The truth is, I don't feel that good when I'm telling people what to do, I don't see myself as a superior who sets the goals and awards or punishes people based on their results. At the same time I fully recognize this is something that needs to be done one way or another, otherwise, inefficiency. I must admit I did advance on the field in the past years, since I'm trying hard to learn how to do it. Slowly. And to my great surprise, it seems one of my latest ventures will unexpectedly help me evolve as a manager as well. As you will see, I happened to find myself on the other side of the story.
After many years, even decades, I'm finally an apprentice again! By dedicating multiple 10.000 hours to system architecture, database design, development, (digital) marketing, design and user experience, I've done or heard about pretty much everything that is associated with the fields of software development. That's what I do for living, and even if I embark on something new, I always have enough initial knowledge to prevent me from being an apprentice. Now I understand this fact made me miss out on a few very important realizations that come from being one.
My grandfather has left me this really cool car. A Yugoslavian Zastava 101, built in 1978. She hasn't been driven in about 20 years, but now, the time has come to bring it back to life. My girlfriend's uncle happened to be a car mechanic for 20 years, and he was specialized in repairing Zastavas. Lucky bastard me! He was very happy to help me out, and in the past weeks, we have spent a few session in his garage, coming close to making the beauty run.
I wanted to be there when repairs happen, to help and to learn. Which makes me an apprentice car mechanic. Swiping the floor, cleaning up spark plugs, screwing and unscrewing stuff, holding things aside, moving the flashlight, operating the car jack. I even managed to disassemble the wheels and brakes and felt amazing about it. My teacher is very patient and I don't feel bad at all for being ordered around and doing all the small things. I understand this is my role in this specific project, and I love playing it.

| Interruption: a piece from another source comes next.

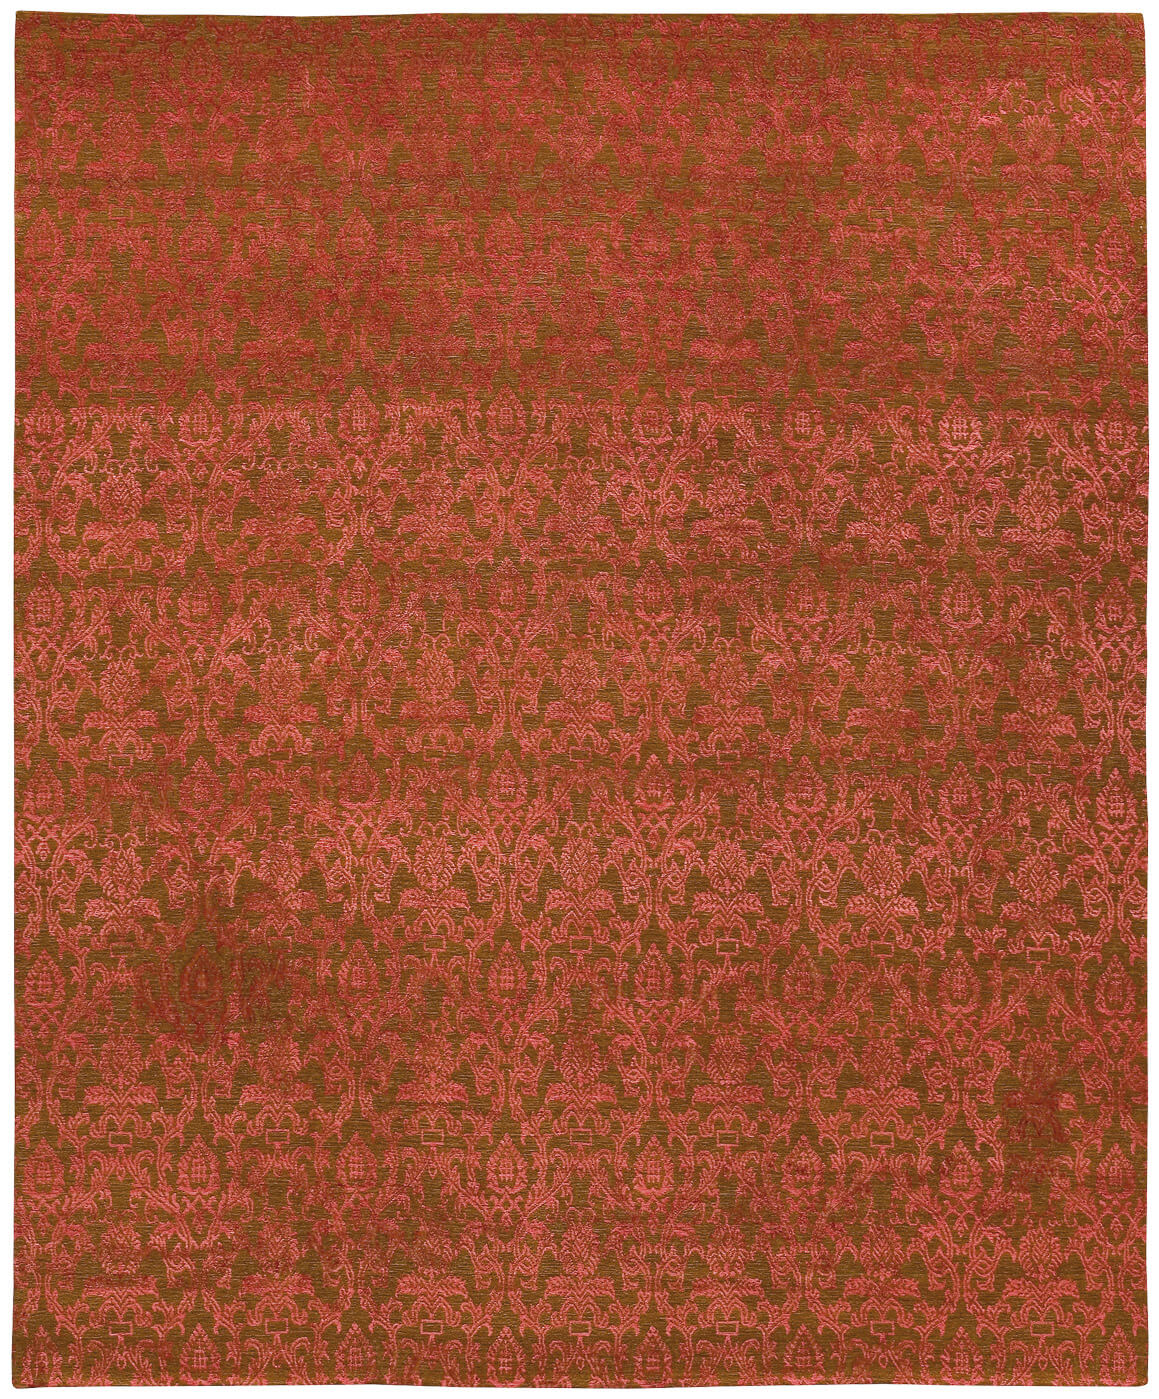 Roma Red Luxury Hand-woven Rug ☞ Size: 300 x 400 cm

I did this. I will also have to put it back together.
I learned so much already, not only about cars and engines, but about management as well. The most important one being that people don't feel bad if they're ordered what to do, rather the opposite. They need to know why things are happening and how we will get there. It has nothing to do with someone being something more than the other, it's just a person's role in the specific situation. Perhaps those managed will be the ones who will give out orders in a few years, who knows. But today, I'm the one who is expected to do so, and it's becoming clearer, how. It's a bit ironic that I learned that by fixing up an old car that was waiting 20 years for me to take care of it.

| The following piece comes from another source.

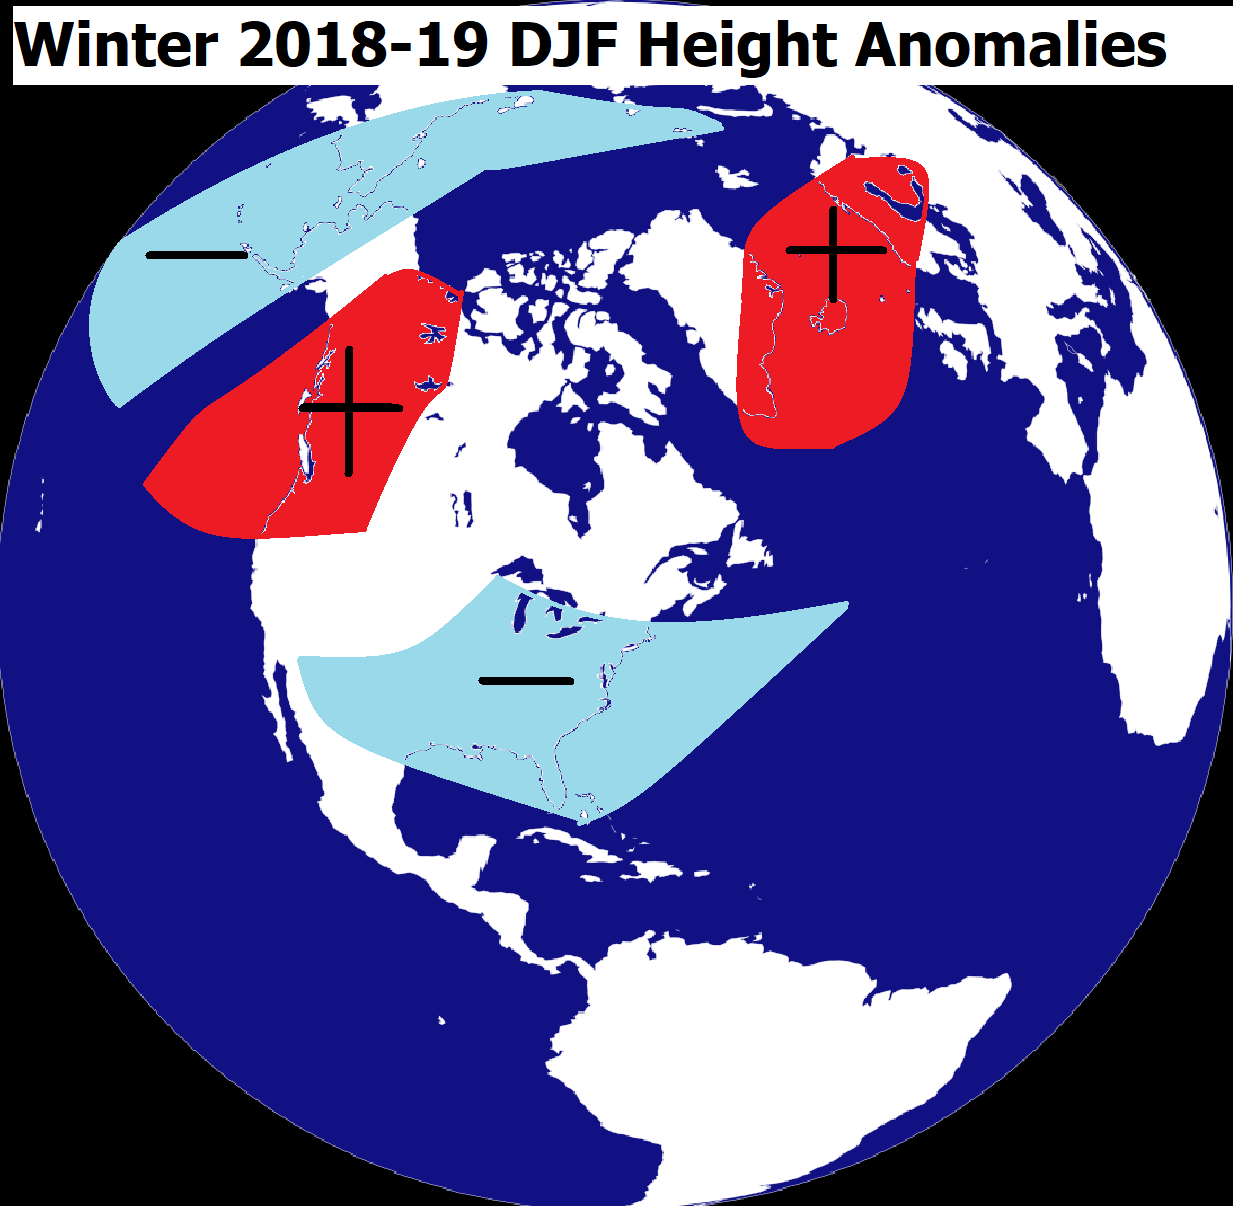 DJF HEIGHT ANOMALY FCST

Funny, how things are interconnected, how everything is everything. I probably wouldn't perceive the whole apprentice experience the way I do now if I wouldn't be where I am now, but what's even funnier, is that I can imagine having the same epiphany who knows where as well. I was ready for this, this needed to happen. We evolve every day, and sometimes, the next steps are achieved under very weird circumstances. That's why you and I need to do as many crazy things as possible. Being an apprentice somewhere to become a better manager somewhere else? Why not. Life is like a box of chocolates.